*** GIVEN MATERIAL

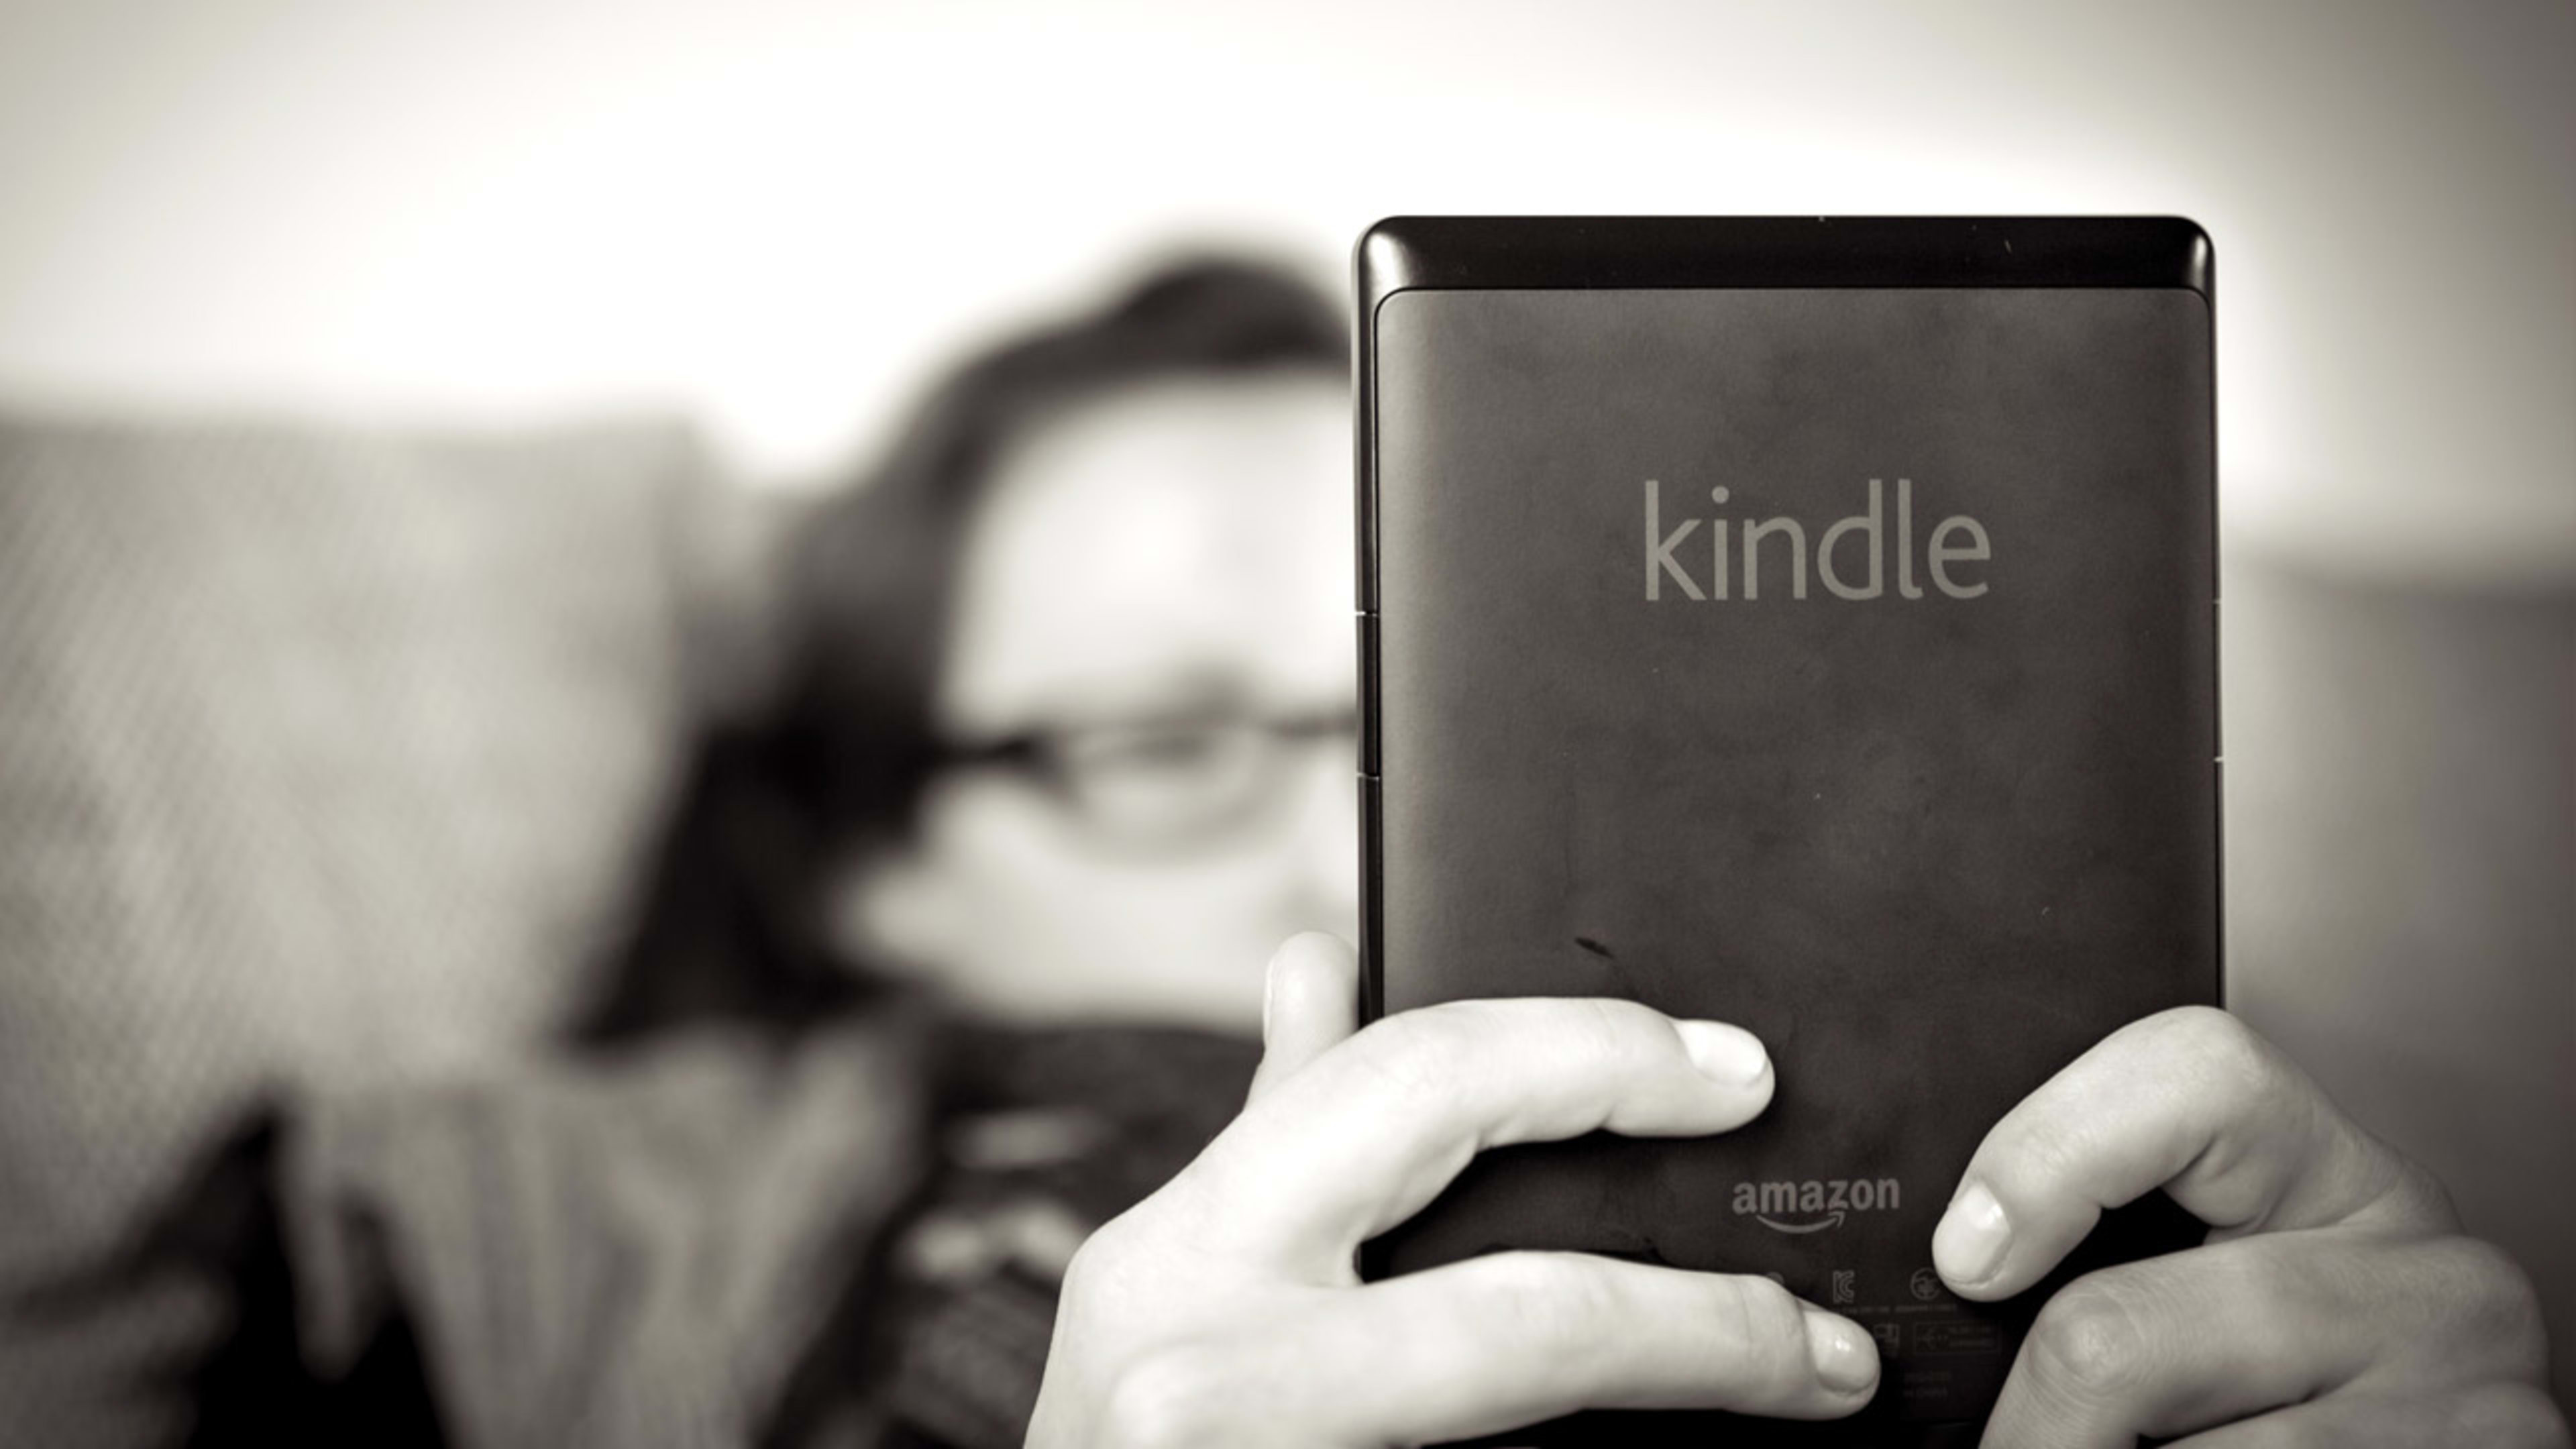 Own A Pre-2012 Kindle? Update Your Device ASAP Or Risk Losing Wi-Fi Access
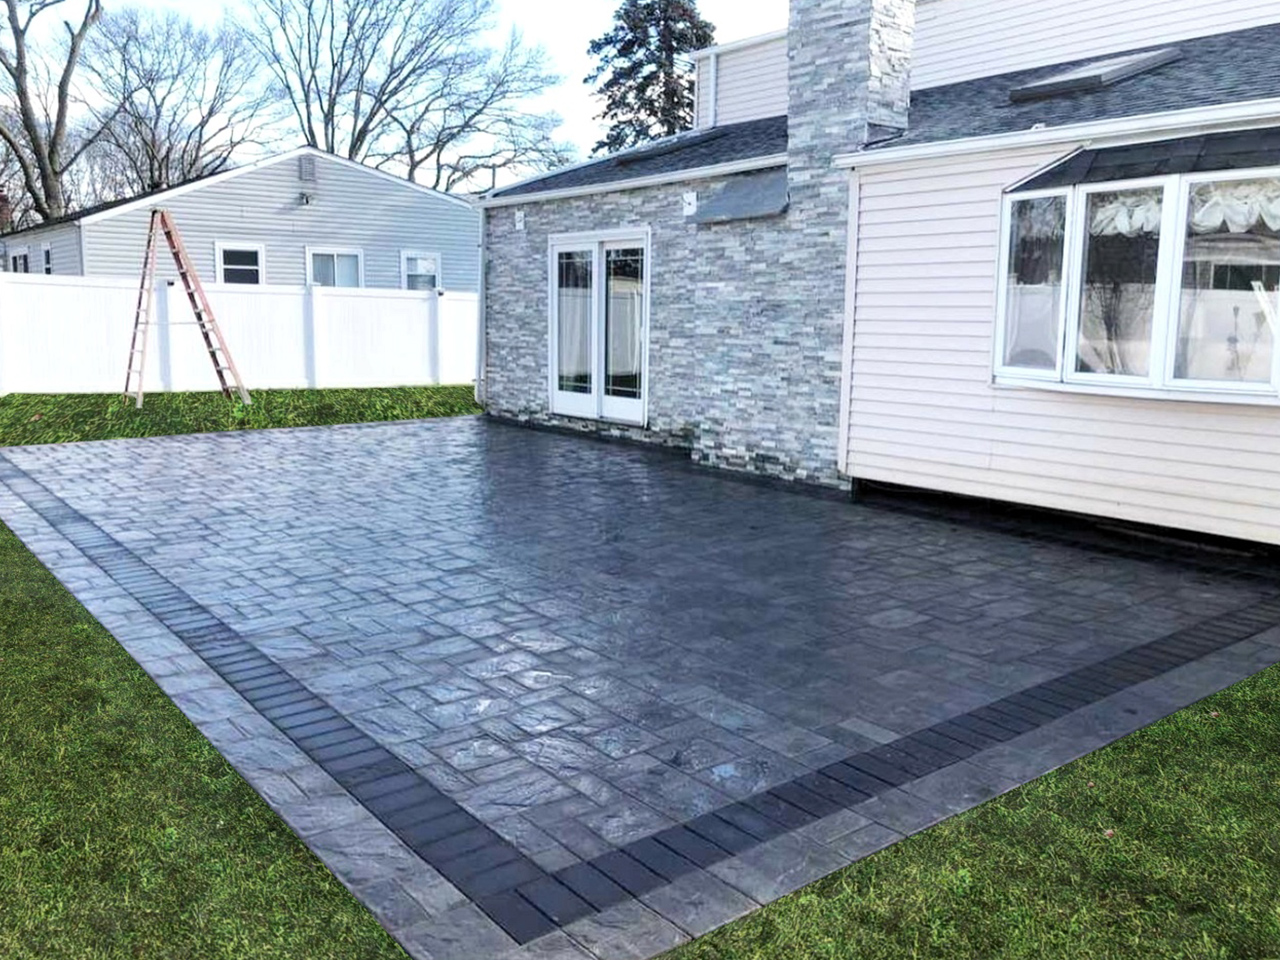 A patio project showcasing Affordable Patio's passion and commitment to delivering personalized, high-quality solutions
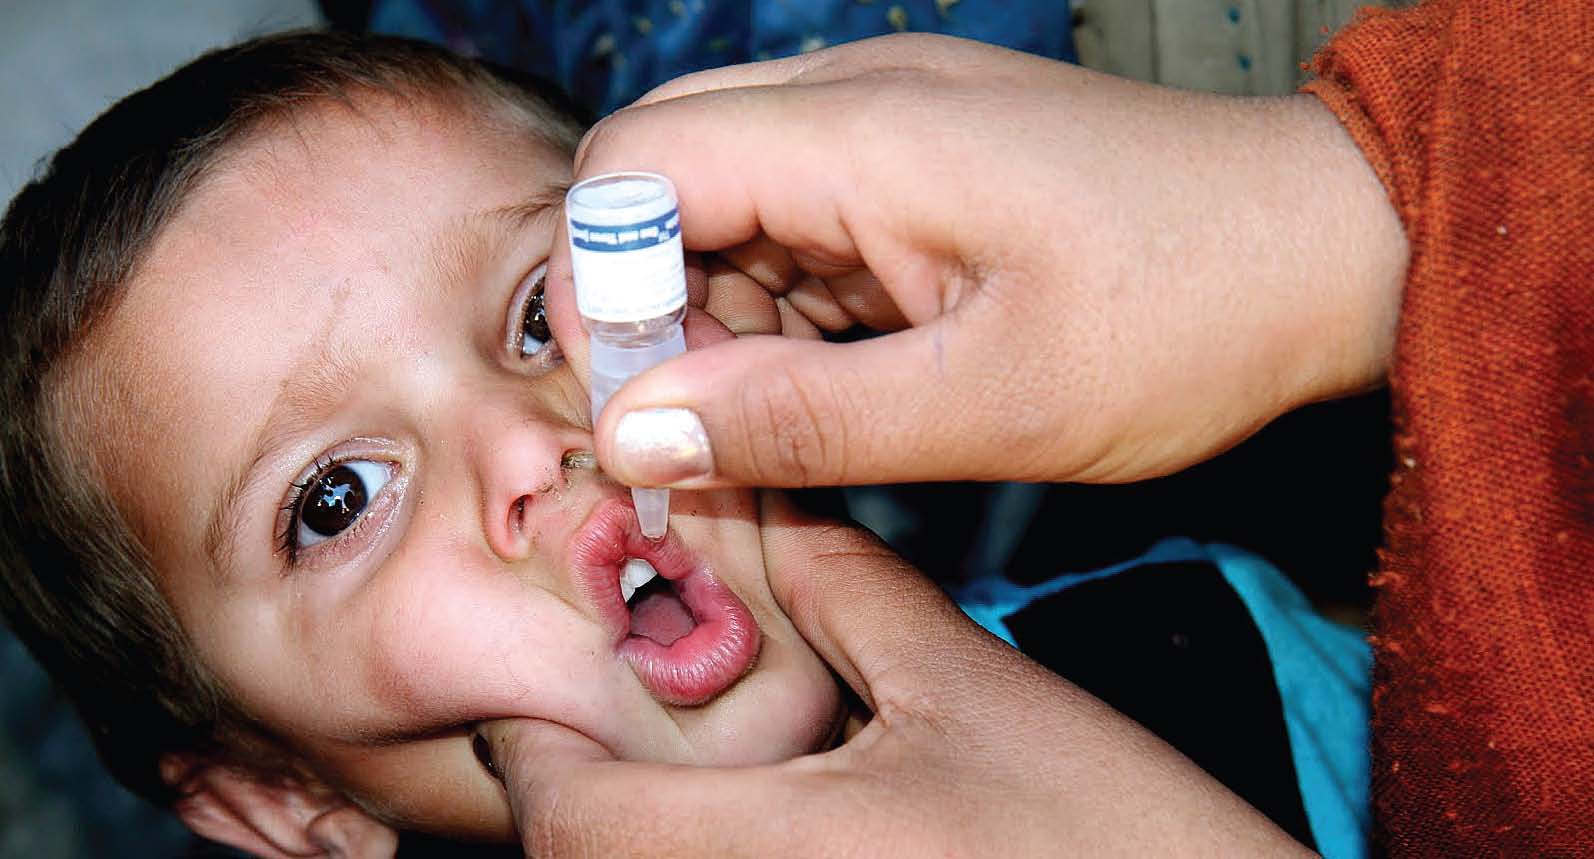 A little boy being given the polio vaccine through his mouth
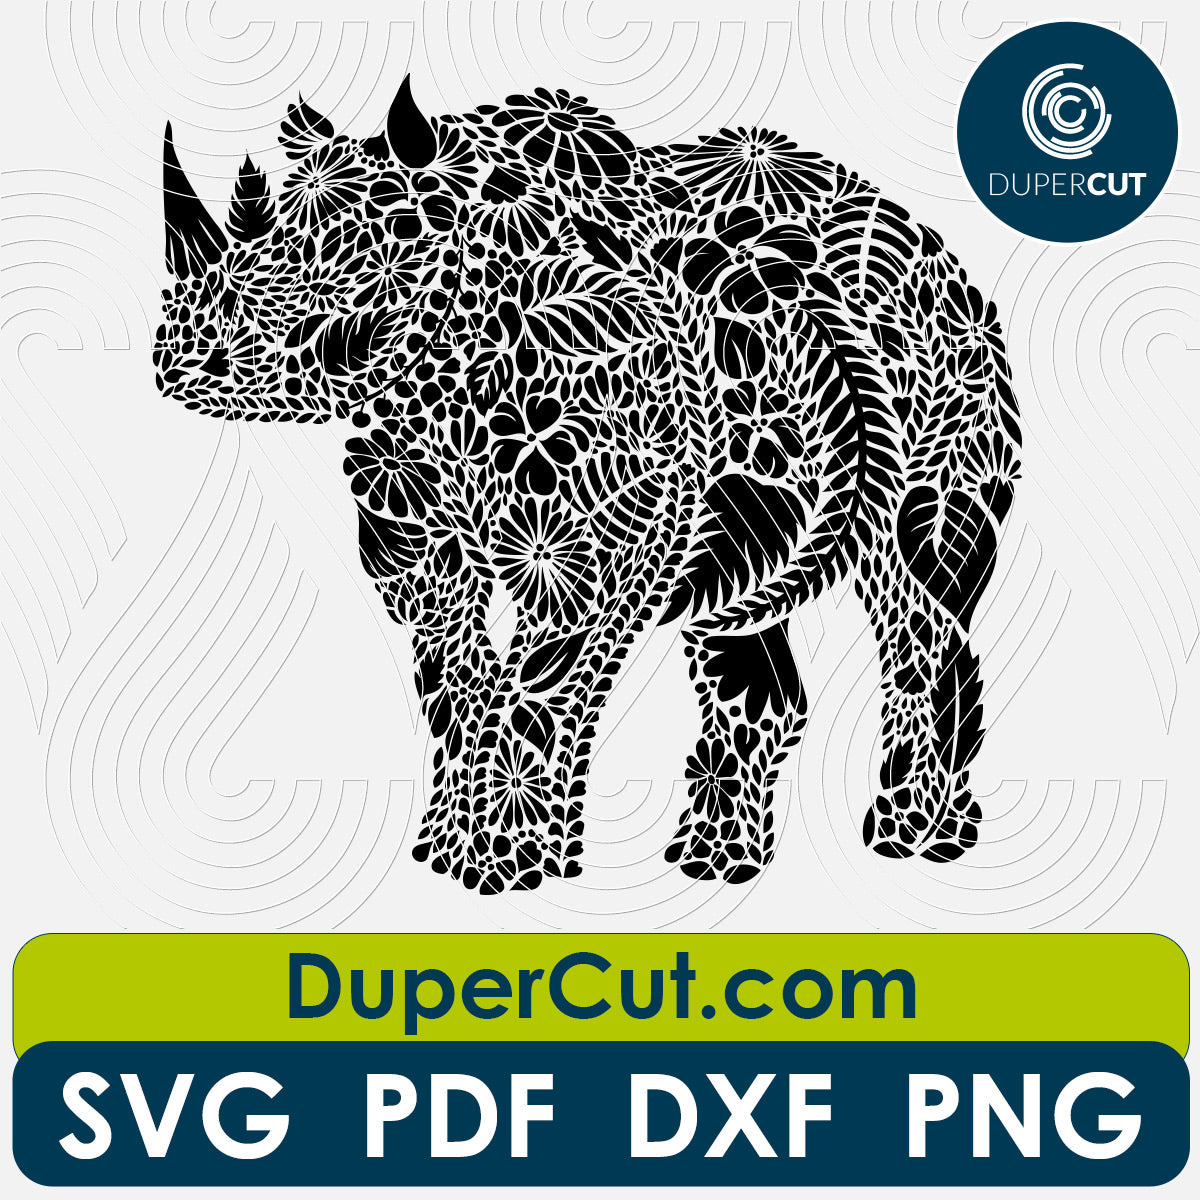 Rhinoceros black detailed stencil. SVG PNG DXF cutting files for Cricut, Silhouette, Glowforge, print on demand, sublimation templates

******

§ **ACTIVITY**:
Word for word, reproduce the listing above; no image should be carried over.

§ **OUTPUT FOR THIS TASK**:
 Own A Pre-2012 Kindle? Update Your Device ASAP Or Risk Losing Wi-Fi Access
 A patio project showcasing Affordable Patio's passion and commitment to delivering personalized, high-quality solutions
 A little boy being given the polio vaccine through his mouth
 Rhinoceros black detailed stencil. SVG PNG DXF cutting files for Cricut, Silhouette, Glowforge, print on demand, sublimation templates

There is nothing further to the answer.